# Birthday ideas?!!



## Mummy Noodles! (Mar 31, 2010)

Hi all! Dawned on me tonight that we have a very important birthday coming up!!!!  


Our Lo has his 3rd birthday at the end of Feb. He has been with DH and I for 6 months. He is very settled and happy within the whole family. A gorgeous, chatty boy when in his comfort zone. He's been attending  a play group for the last 3 months, once a week for 2 hours. However at this age he doesnt really 'play with' others. He does love soft play .... so maybe an idea?? Org a child's entertainer? Mmmm.. I think he'd be upset by this


He really doesn't know very many other 3 year olds/ children as I have been concentrating on getting to know him and introducing our families. Thus unsure what to do for his bday. He is quite shy and doesn't like loads of attention. I myself was brought up with lots of bday parties/games/music ... and want to do the very BEST for him. What are your experiences and I'd really appreciate ANY advice. Feeling the pressure Girls - it's so important to me that he really enjoys his day.. Hope this ramble makes sense! I have been so focused on Santa coming!!!  Lol!!


Thanks XXX


----------



## Loopylou29 (Mar 4, 2013)

Hi

Our lo was with us a similar length of time before his 3rd birthday.  We had a tenpin bowling party as there with kids aged from 3-10. It worked well as everyone was the same during the bowling. A fuss was made over lo when it was time to eat but only in terms of were to sit, the cake and party bag. Our lo loved it as he needs structure otherwise he gets hyper.

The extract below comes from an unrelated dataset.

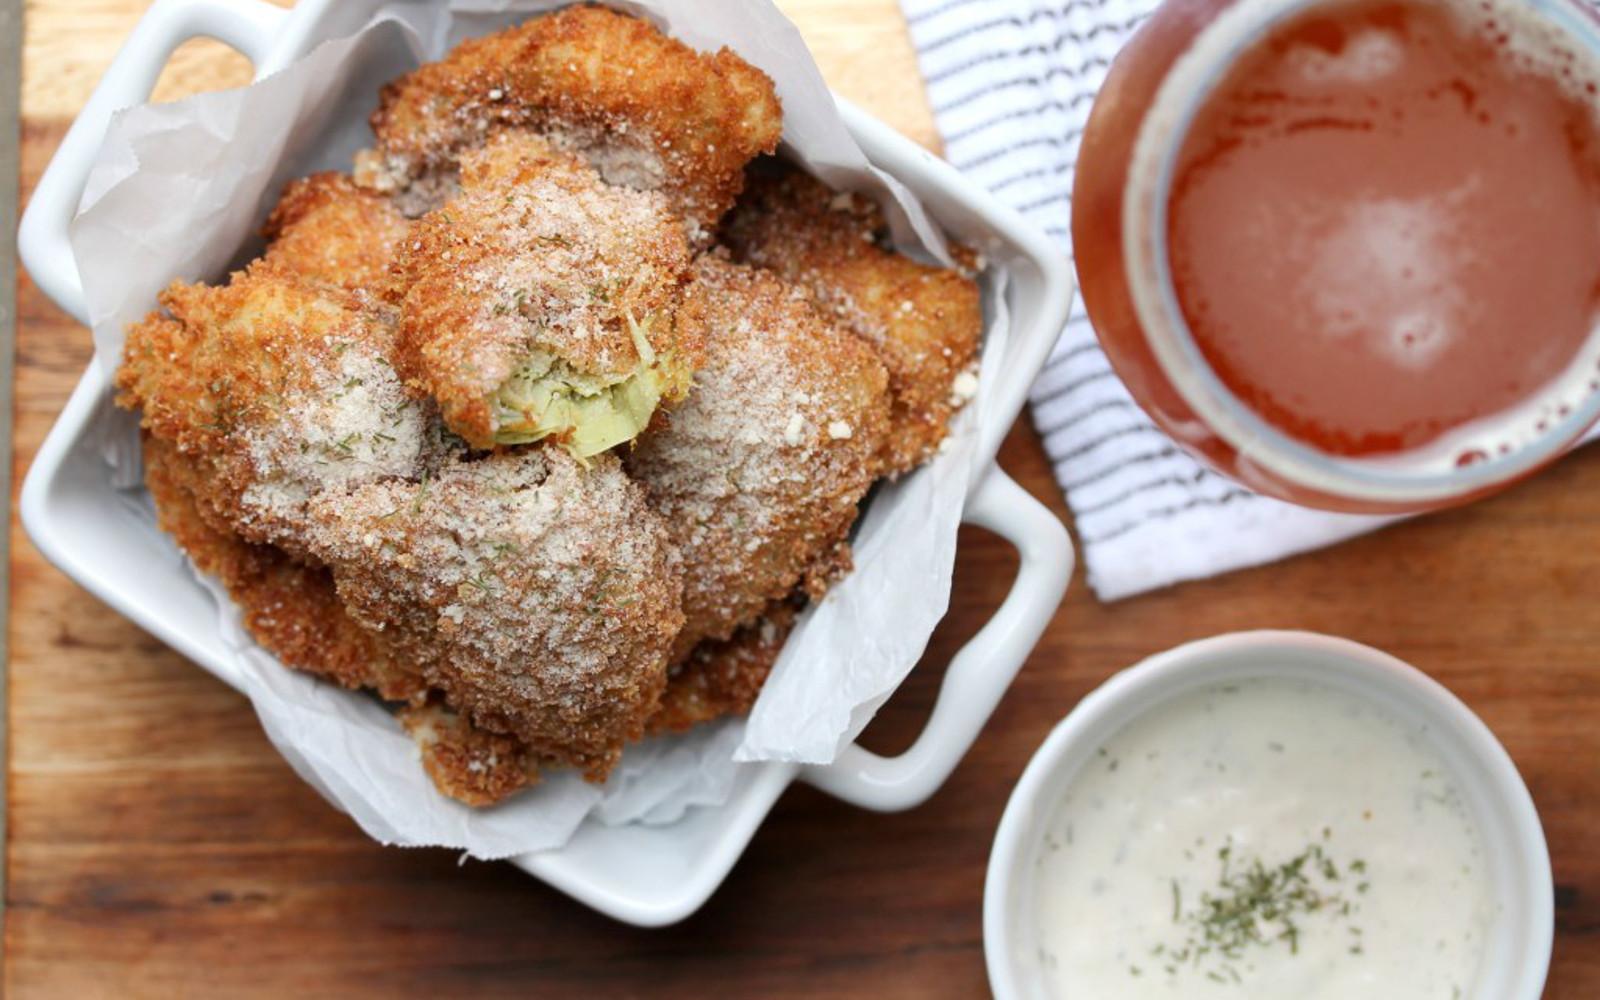 Vegan GLuten-Free Fried Artichoke Hearts With Garlic Dill Aioli and red sauce

We've also done soft play at a wacky warehouse but not one of their parties. We paid for the kids to eat and play. Staff decorated the table for us and brought out the cake. It worked out bettertfor us both ffinancially and enjoyment for the kids.

We will do a proper party with games and music etc but its not right for us at the moment. Hard to give advice as each child is so different.  Pick something he really likes or would like and plan it from there is how we did it.

Good luck


----------



## Arrows (Nov 9, 2008)

Our LO just had his 2nd b'day and we went to soft play which was great. I ordered a cake topper off amazon and a friend made a basic sponge which we put it on. Dinner was free with each child's ticket so didn't bother with the party deal either. Lots of fun had by all, low cost and low stress.


----------



## gettina (Apr 24, 2009)

I can't give any advice from the adoption pov - although my top of head response would be to keep him in his comfort zone so he can be relaxed and enjoy the day so I guess that would a relatively low key family day - maybe extended family? 

Also I was a. Quite shy and b. Had my birthday in school holidays so class parties were difficult so most of my birthdays were family only but with cousins and an aunt and uncle but even if they hadn't been there I would have still had special days - lots of fuss, some kind of treat and my fave foods etc. IMO you defo don't need to have 20 or so other children there to celebrate.

Hope you all have a wonderful day.
Gettina
Xxxx


----------



## Wyxie (Apr 10, 2013)

We didn't have a party for Wyxling's birthday - she just doesn't like being the complete centre of attention in that way and I knew that all the other Mums and Dads paying her lots of attention would just make her incredibly shy, which would then lead to her going totally off the wall because she was so stressed.  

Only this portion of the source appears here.